▸ **TASK BRIEF**: Consider the data that follows and state how many lines contain the string "Raymor", using the number alone.

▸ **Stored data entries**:
= Beginning of Section =
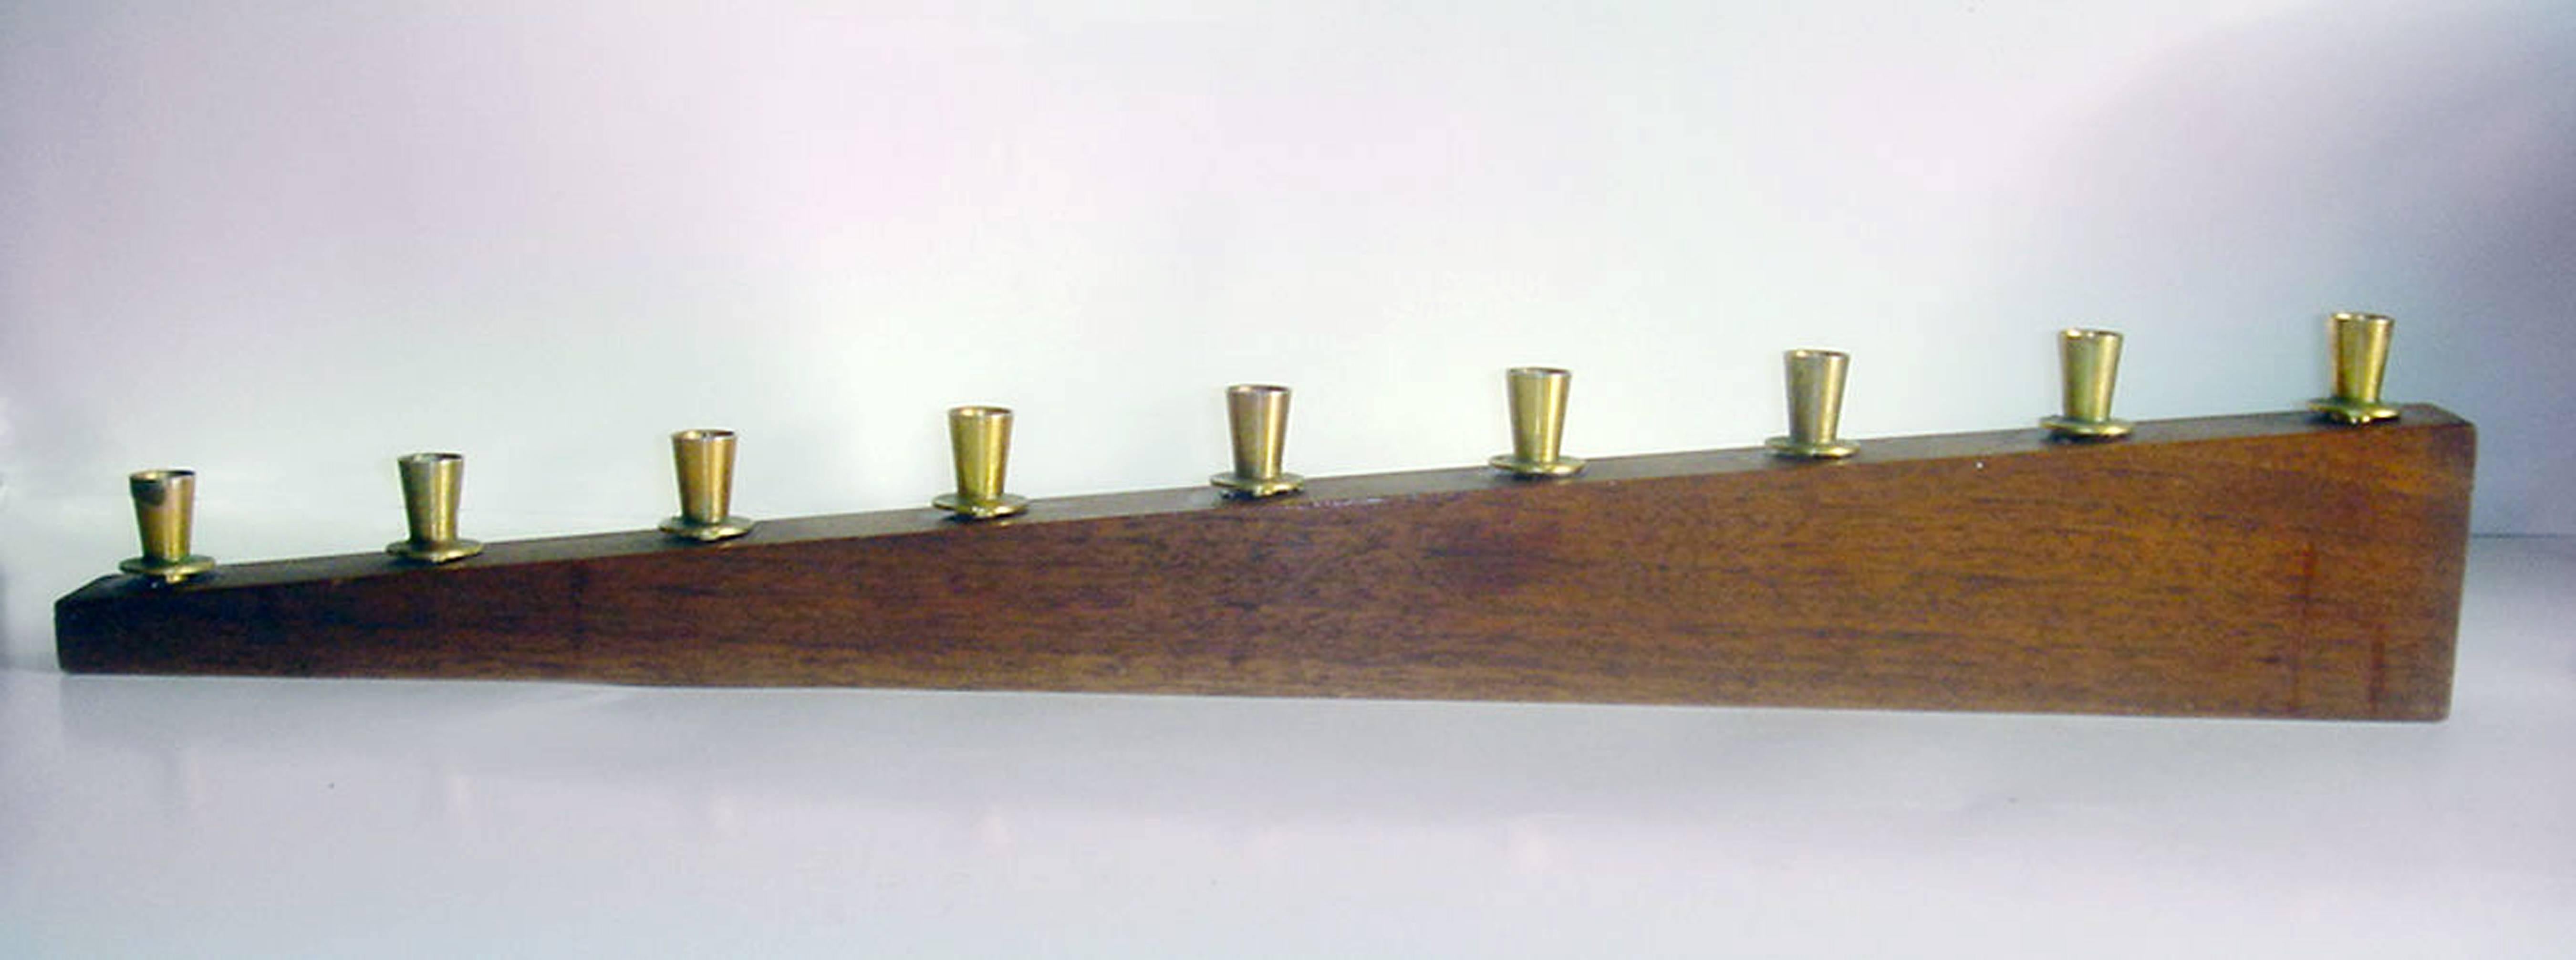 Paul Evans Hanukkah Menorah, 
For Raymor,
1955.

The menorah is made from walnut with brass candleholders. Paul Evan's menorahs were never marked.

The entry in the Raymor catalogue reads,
= End of Section =
▸ **ANSWER SPACE**: 2